Thursday, June 28, 2012

When seniors loose depth perception and need to see a developmental optometrist

Dr. Susan Barry writes the blog "Eyes on the Brain" at psychologytoday.com about the eye-brain connection.  She is the author of the popular book Fixing My Gaze about how optometric vision therapy cured her stereo-blindness allowing her to see in three dimensions for the first time in her life.

One of her recent blog posts deals with the issue of seniors with eye movement disorders.  The post is compelling because such disorders are usually diagnosed and treated in children - at least we hope that they are (because if allowed to persist into adulthood they are associated with lots of undesirable social problems like unemployment and behavioral problems.)

Susan Barry
She wrote about her father who decided to quit driving in his early eighties. Dr. Barry noticed that over the next couple of years her father's life dramatically changed by contracting to the point where her father barely left the house. He was also becoming withdrawn and upset. Dr. Barry noticed that her father kept squinting his left eye shut. She wondered, "Could my father be squinting his left eye because it was turning in? If so, the left eye would be aimed at a different place in space than his right, providing his brain with confusing and conflicting visual input."

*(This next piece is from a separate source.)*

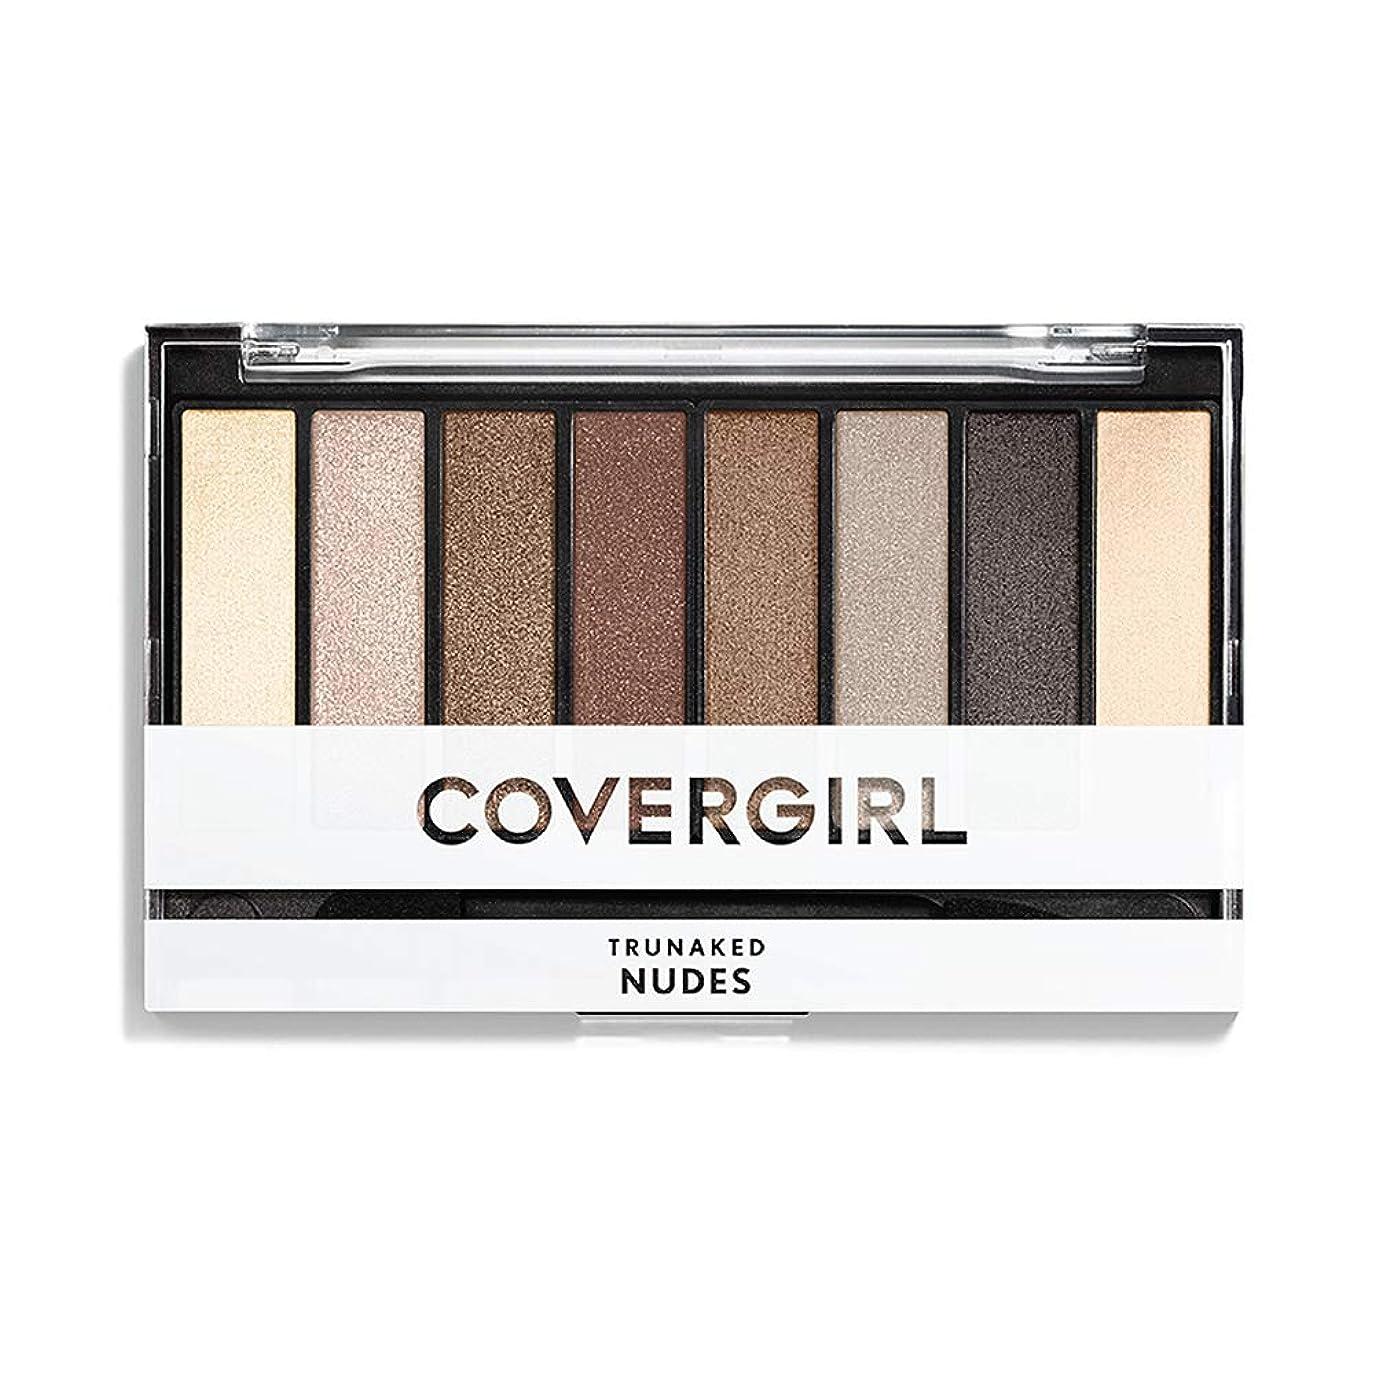 論争の的スチュワードアボートCOVERGIRL TruNaked Eyeshadow Palette - Nudes (並行輸入品)
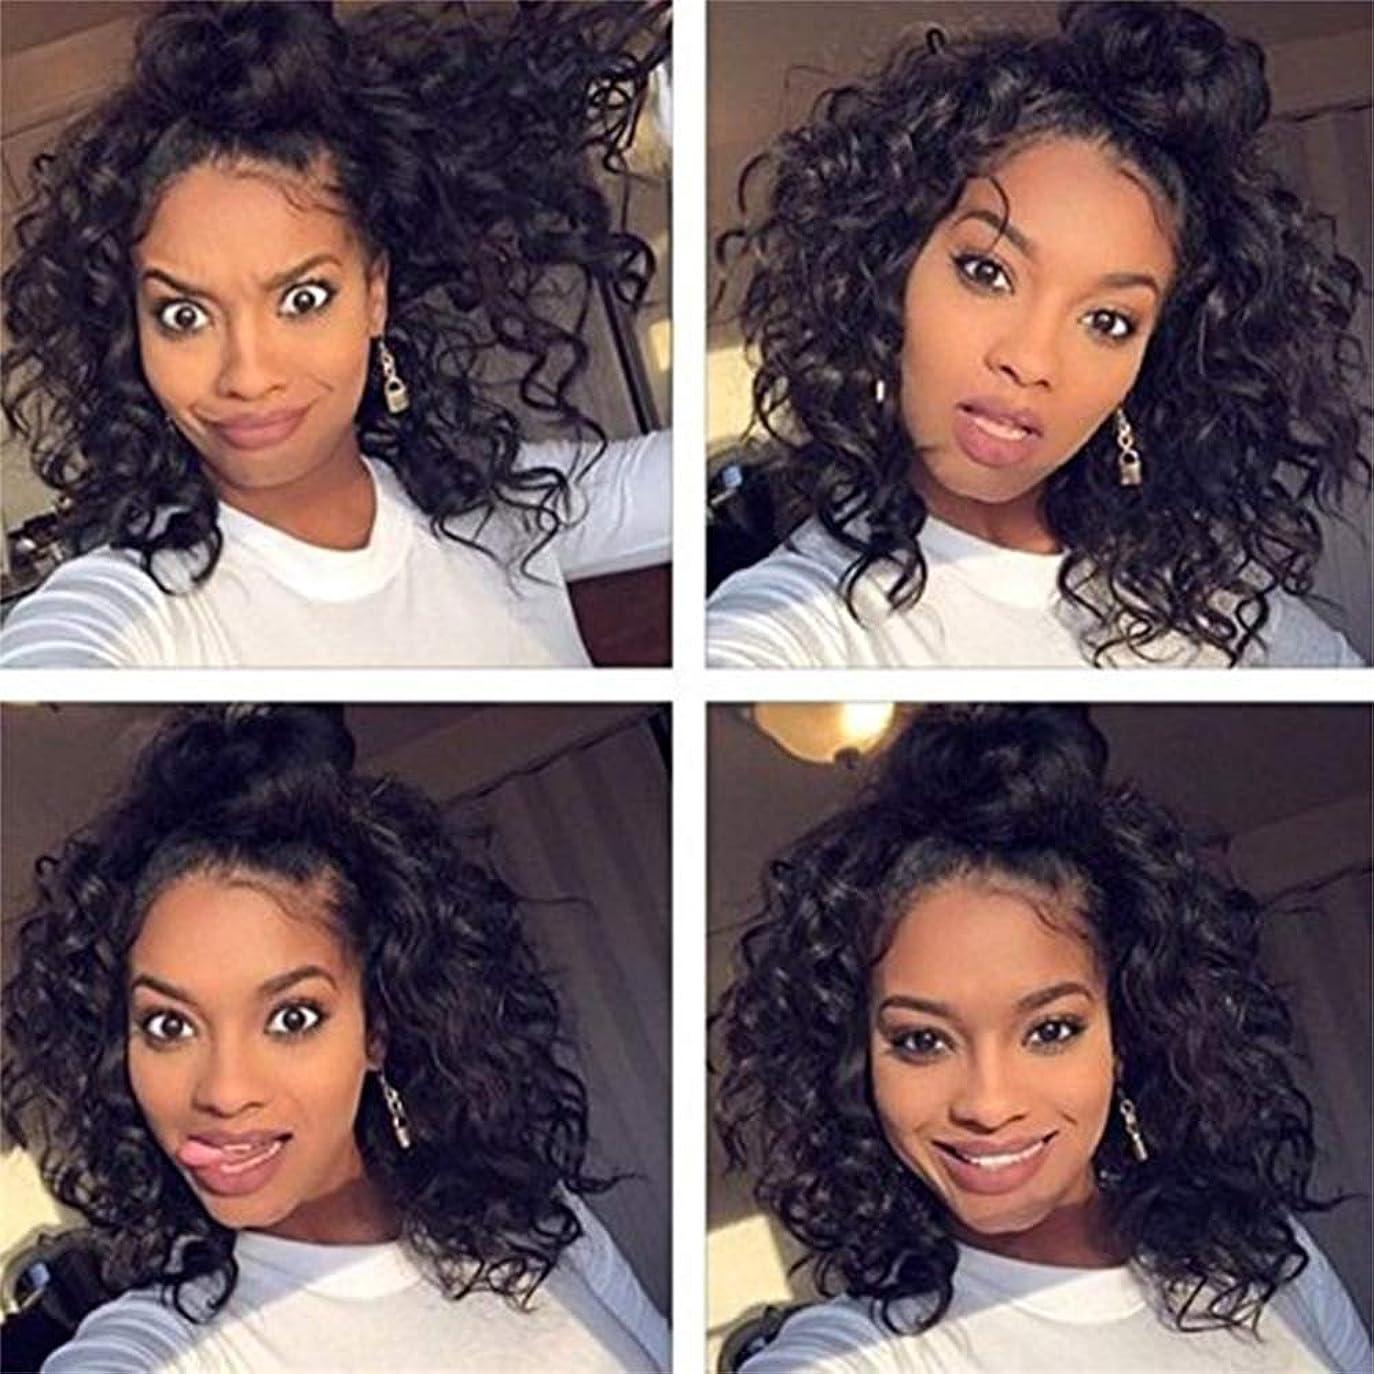 翻訳する家事潮180%密度波状の短いボブのかつらレースフロント人毛ウィッグ黒人女性のためのremy毛髪のかつら14インチ

Dr. Barry knew to ask that question because she suffered from strabismus (crossed eyes) as a child and was successfully treated by an optometrist with with vision therapy.  She then did enough investigating that she realized that she should take her father to the optometrist:

thought back to a story my father had told me about his days in the Air Force during World War II. Since he was an artist, he had been assigned to interpret aerial photographs. Sometimes, he’d be given stereo pairs of photographs which he viewed through a stereoscope. While he could see the 3D in the images, he told me that his sense of the 3D was not as good as others. Perhaps, he had always had subnormal binocular vision. When he stopped driving, he no longer needed to look in the distance. Indeed, he rarely looked further than the walls of his tiny house. Without driving, he had lost the ability to keep his eyes aligned, especially for distance viewing. Eye alignment, I concluded, was not a strong suit in our family.
So, one afternoon, during a typical visit, I sat about five feet from my dad and asked him, quite casually, how many heads did I appear to have. My father studied me for a while and then responded with great surprise: “You have two!” He could still read without the letters doubling, but when we gazed out the window, all the objects outside appeared double. He hadn’t noticed this previously, but, then again, he had avoided looking out. No wonder, my father was reluctant to take a walk with me. His perceptual world was thrown into confusion.
Dr. Barry then took her father to a developmental optometrist who diagnosed him with esotropia - a condition in which one eye turns in toward the nose.  Since her father's two eyes were not pointing at the same object, double vision and poor depth perception resulted.  The optometrist fit Dr. Barry's father with specially designed prism glasses that bent light in a way that compensated for her father's turned eye.

As Dr. Barry  notes in her post, falls are a leading cause of serious injury in seniors and people with poor depth perception are much more prone to falls than the general population.  When you combine old age and poor depth perception, you may have a recipe for disaster.  It's a good idea for seniors to get comprehensive binocular vision eye exams.  Not all optometrists test binocular vision and patients and their care-givers need to ask the right questions of their doctors to ensure that the right tests are being done.  To find a developmental optometrist visit the website of the College of Optometrists in Vision Development.